Menu diversification enhances her 632.5-rupee forecast, long-term plans, and 1800-rupee profit, fueling growth. Day 56 diversifies this.
Priya’s Data Recap
Her forecasted data from Day 55 (sample from Café 1):
Datetime,Sales,Hour_Num,Item_Code,Weather_Rainy,Rush_Hour,Weekday,Sales_Lag,Label,Sentiment,Customer_Count,RL_Stock,Cluster,Sales_Lag_2,Hour_Square,Festival
2025-03-03 08:00,500,8,0,0,1,1,200,Busy,0,15,39,0,NaN,64,0
2025-03-03 09:00,600,9,1,0,1,1,500,Busy,0.6588,20,32,1,NaN,81,0
2025-03-03 10:00,500,10,1,0,0,1,600,Busy,0.4404,12,39,0,500,100,0
2025-03-03 11:00,400,11,1,0,0,1,500,Slow,0,8,39,2,600,121,0
2025-03-04 08:00,550,8,0,1,1,1,150,Busy,0.5719,21,39,0,400,64,1
2025-03-04 09:00,650,9,1,1,1,1,550,Busy,0.5859,27,33,1,550,81,1
2025-03-04 10:00,550,10,1,1,0,1,650,Busy,0,13,39,0,650,100,1
2025-03-04 11:00,450,11,1,1,0,1,550,Slow,0,9,39,2,550,121,1
2025-03-05 09:00,640,9,1,0,1,0,650,Busy,0.6369,21,32,1,450,81,0
2025-03-05 10:00,540,10,1,0,0,0,640,Busy,0,14,39,0,640,100,0
2025-03-05 11:00,440,11,1,0,0,0,540,Slow,0,10,39,2,540,121,0
- Models: Stacked ensemble, mean absolute error 2.9, 675 rupees for June 9 AM, profit 1800 rupees.
- Issue: Single-item focus—samosas limit revenue.
Goal: Diversify menu—predict chai, pakora sales, boost profit.
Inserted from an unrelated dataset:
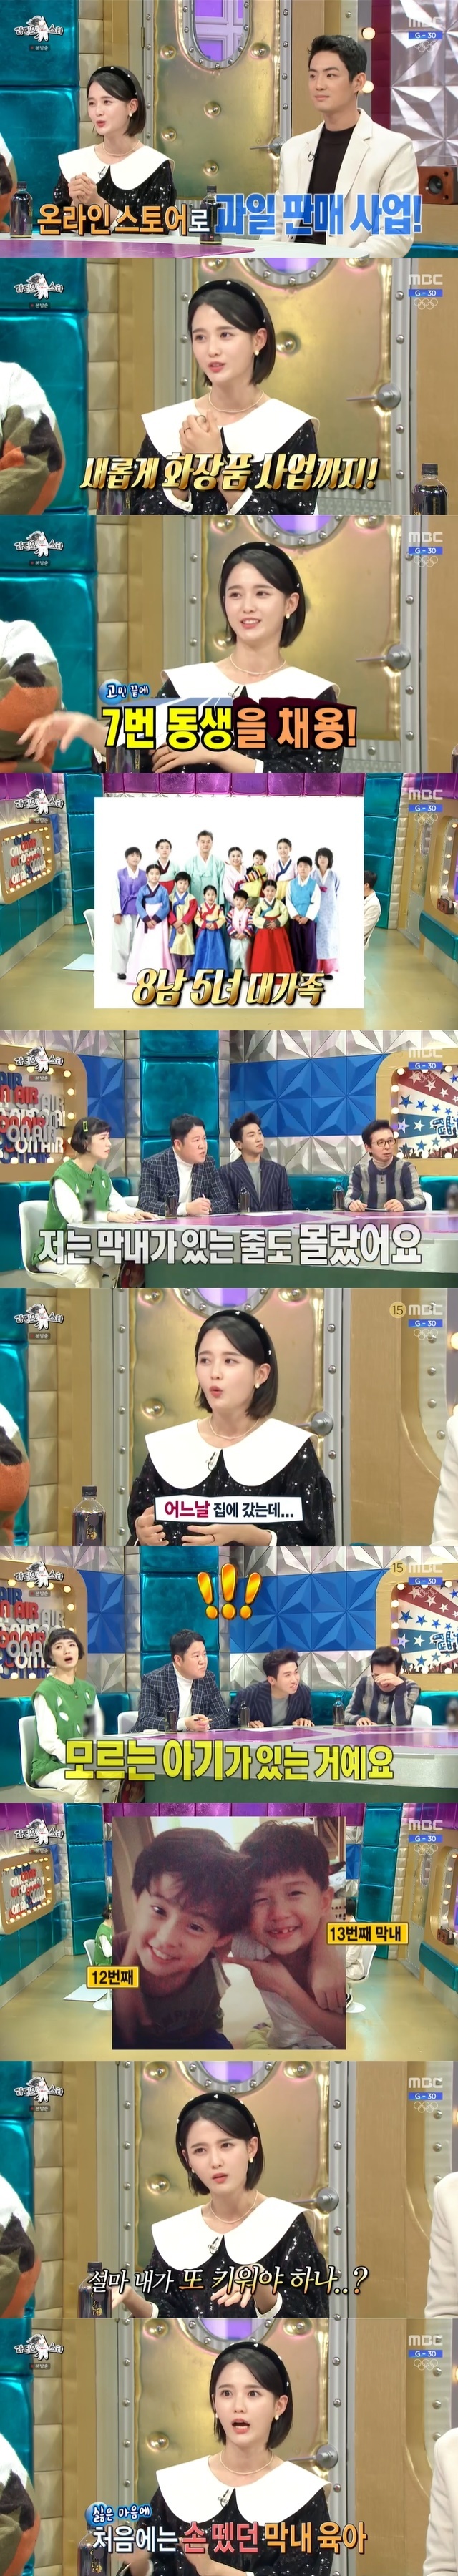 13 Brother and Sisters eldest daughter and actor Nam Bo-ra has spoken out about her family.In the 752nd MBC entertainment program Radio Star broadcasted on January 5, 2022 player entry!Actor Nam Bo-ra appeared as a guest with Seo Jang-hoon, Yoo Min-sang and Koo Ja-wook.It was a dream to do business since I was a child, said Nam Bo-ra.We have been selling fruits as a small online store to start our business this year, and now we have launched a new cosmetics brand. We have one employee now, said Nam Bo-ra. We were so busy and busy in the first half of the year, so we were worried about who to hire, and we hired our seventh brother because we were hit by our feet.Nam Bo-ra said, I have a good sense of responsibility and I am perfectly handled if I work, he said. I can not escape because I am tied up with my family.The brotherhood of Nam Bo-ra is 8 boys and 5 girls. Nam Bo-ra was the eldest of them.Nam Bo-ra explained that her mother, who was 65 years old, started (pregnancy and childbirth) at 23 and ended at 45.At the time of the birth of the last 13 children, he said he did not know his mother was pregnant.I thought my 12th brother was my last brother, and I did my best to do my best and did my best. One day I went home and there was a child I did not know. Nam Bo-ra said, I was a college student.I was confused, he said, I wanted to know who this child is, I do not want to raise it again.So, in the beginning, I completely took care of the child care, but I could not see my mother, so I was forced to join the child care and explained that I was in a hurry.Nam Bo-ra also reported that SNS DM is pouring into the eldest daughters of All States recently.Nam Bo-ra said, I recently went to Oh Eun-youngs Golden Counseling Center. I talked about my troubles as a K-girl, so all states K-girls sympathized.I almost became like the president of the K-Genesis Association. Nam Bo-ra, as he wanted to tell the K-masters of All States, shouted, Lets find our rights, were children, lets put them all down. Lets not do it.However, Ahn Young-mis Then when you call your mother, do not you go and see the baby? I laughed at the joke that I responded politely to my mothers phone immediately.On this day, Nam Bo-ra also solved various Episodes of 13 Brother and Sister large family.Nam Bo-ra said he has several family chat rooms. There is a whole chat room, a womens chat room, and a work chat room.Im told that I paid a monthly rent because I live with them, he said.I have two cars at home, two cars at my car, and two cars at my dad. I used to have three cars.So, as a basketball player, Seo Jang-hoon, a group life experiencer, said, There are 12 professional basketball team entries, so it is more than basketball team.Nam Bo-ra said that the instincts of K-girls are also crazy about love, When I make a boyfriend, there is something that pops out without knowing it.It comes out when youre fighting your boyfriend. You did this, you didnt. No, you didnt. Right. Answer me. No? Dont. Im coming.(Also) I have to do my sisters Bob Care at dinner because my sisters care is number one. I have to prepare and come out.Ill cook my sisters and go out. When I was young, my boyfriends hated it.

Day 56 begins here.
Menu Diversification Basics
Techniques for Priya’s café:
- Item Sales Prediction:
- Model chai sales—extend regression for new Item_Code.
- Customer Preference Analysis:
- Cluster Customer_Count—identify chai buyers.
- Profit Impact Simulation:
- Forecast revenue—chai at 5 rupees cost, 15 rupees price.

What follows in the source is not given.